In the Guardian, Lynne Brindley defends the British Library against charges that undergraduates are swamping the reading areas. The exchange sounds a little like a library suggestions book, with its interplay of reader and librarian. Tristram Hunt's central criticism is wrong: it should be the duty of the national library to be open to any citizen who cannot find what they need elsewhere, and undergraduates may well do research projects which require them to use materials only held at the BL. I know of no evidence that undergraduate library users are any worse-behaved than other type of user. Hunt claims "The studied calm of the reading room has given way to a hum of mobile phone ringtones, chit-chat and pubescent histrionics". My own visits to the BL have been disturbed by mobile phone noises from some very venerable users, who don't know how to set them to silent. And as for pubescent histrionics, that old literary journalist's standby, the article on sexual liaisons in the reading rooms, has been published and re-published for many years before wider access to the collections by undergraduates was granted. See Reading for Pleasure by Olivia Stewart-Liberty in the Spectator of 4 July 2005 for an example of the genre.

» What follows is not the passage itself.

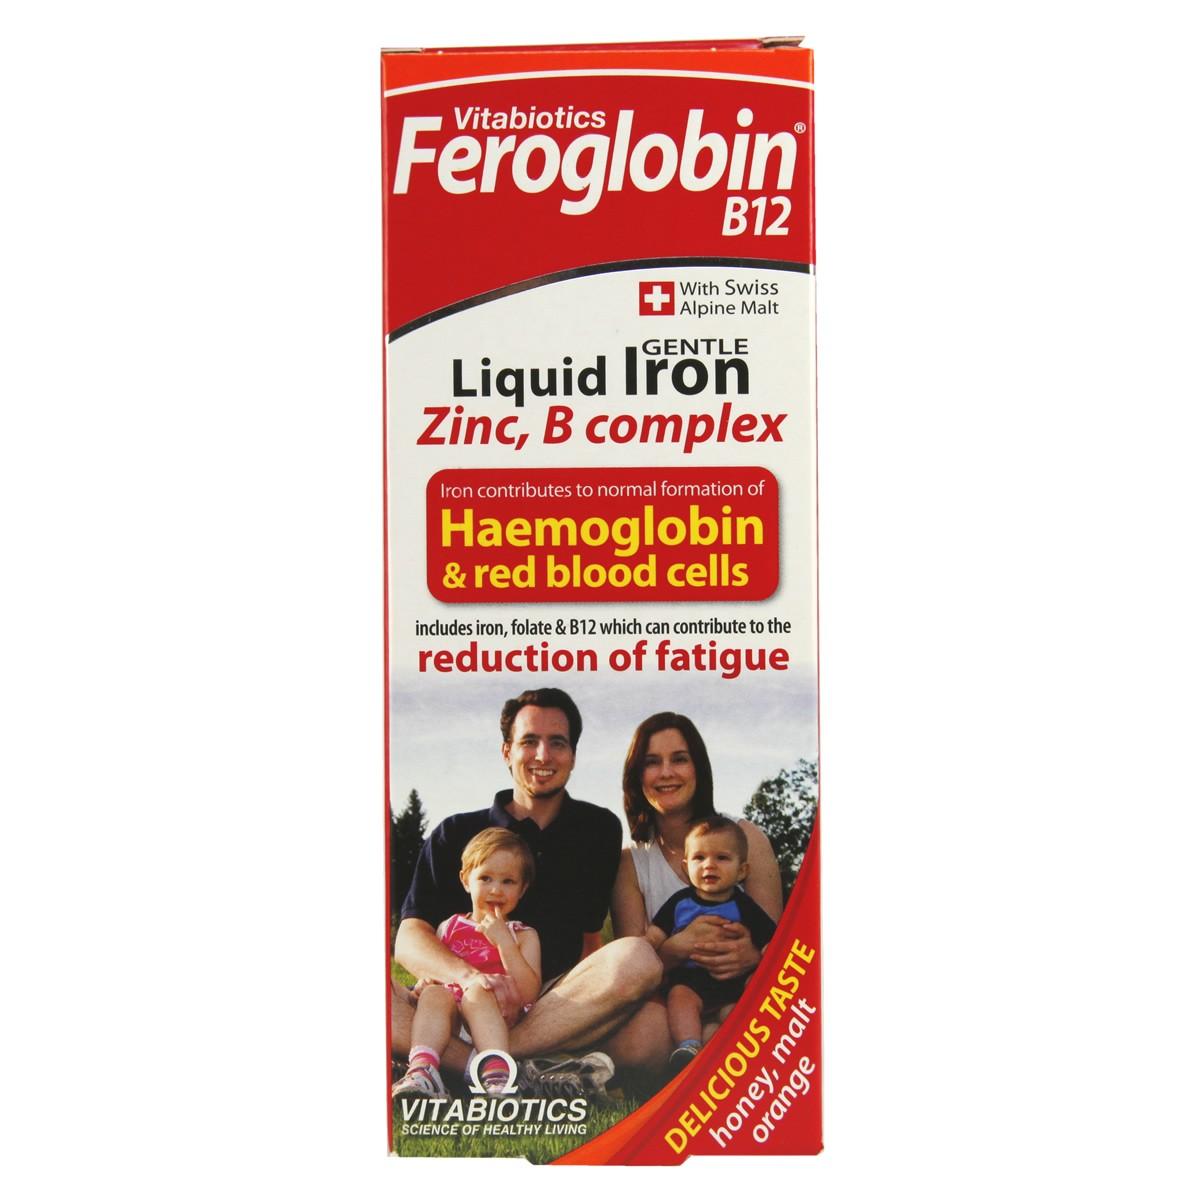 Vitabiotics Feroglobin B12 Liquid
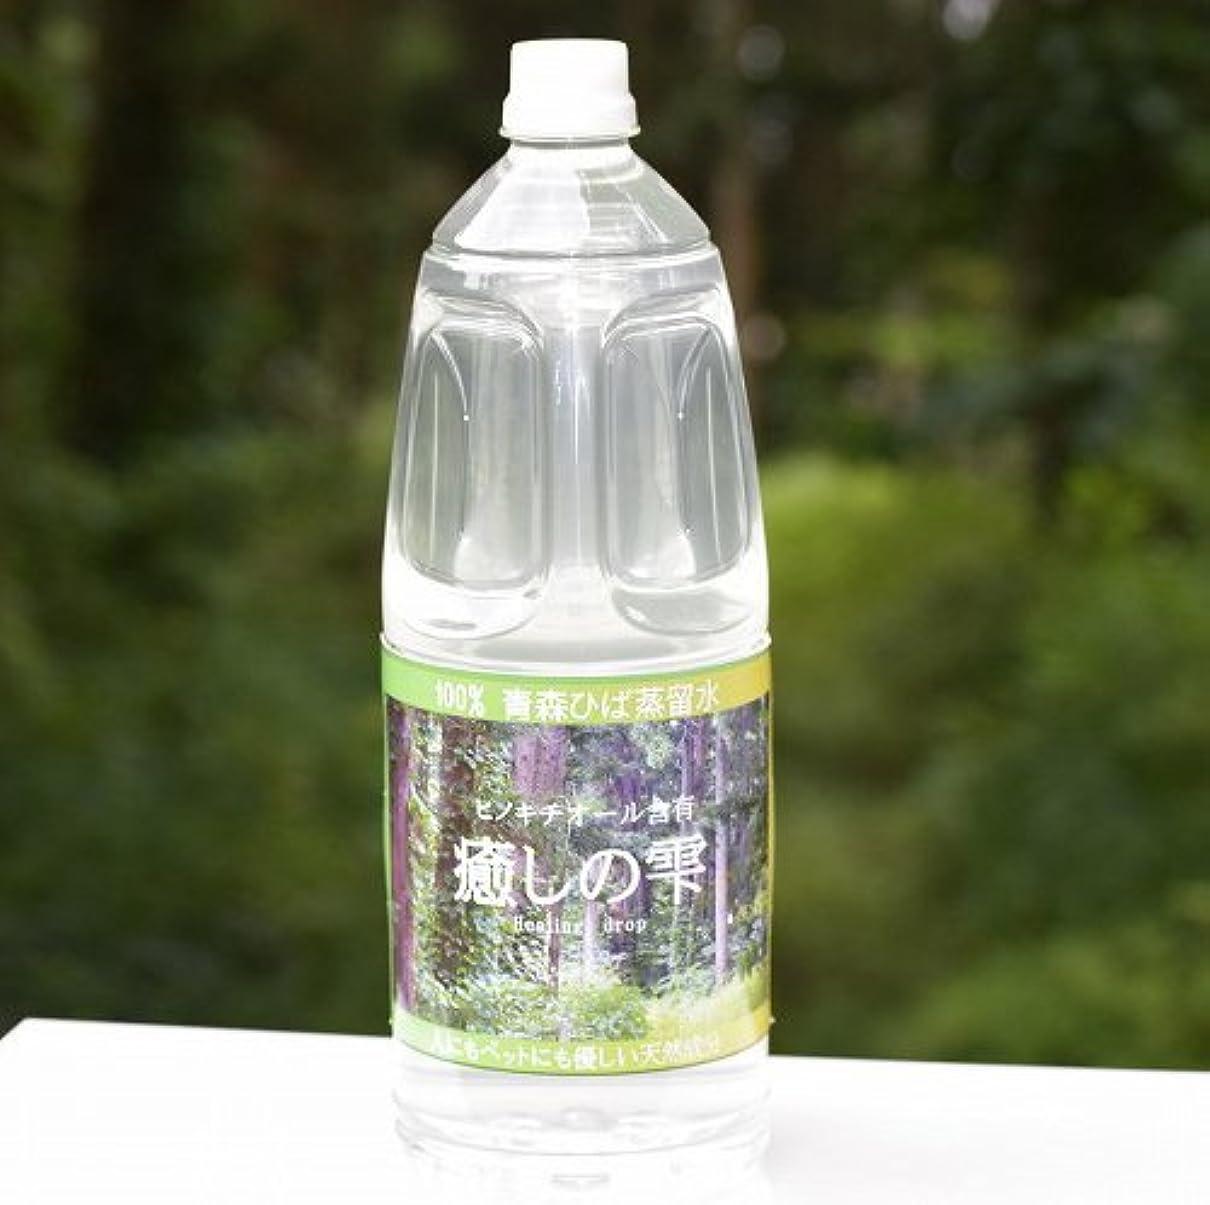 応答全滅させる誠実青森ひば 天然ヒバ水 癒しの雫 蒸留水 送料無料 1.8L×1本 お試し

Hunt's original article is Scholarly Squeeze, there are some comments here, including a suggestion that may well do wonders for Senate House Library's statistics; and there's more in Mortarboard.
It's a good week for librarians in the Guardian: there are some wonderfully pithy and accurate comments on qualified librarians by a library assistant in Notes and Queries, which doesn't seem to have reached the web version yet. responding to a school librarian who worries about the absence of positive images of the profession (a sign of a profession in trouble, if you ask me) she says that the words "mean, sad, peculiar and petty-minded" certainly apply. She adds some more: "misanthropic, hierarchical, dictatorial, uncommunicative, unsociable, indecisive and pedantic".... "I'd add short and shuffly, but I fear I'm being personal". I too, after nearly thirty years in library staff rooms, recognise many of the traits she sees in (some) former colleagues.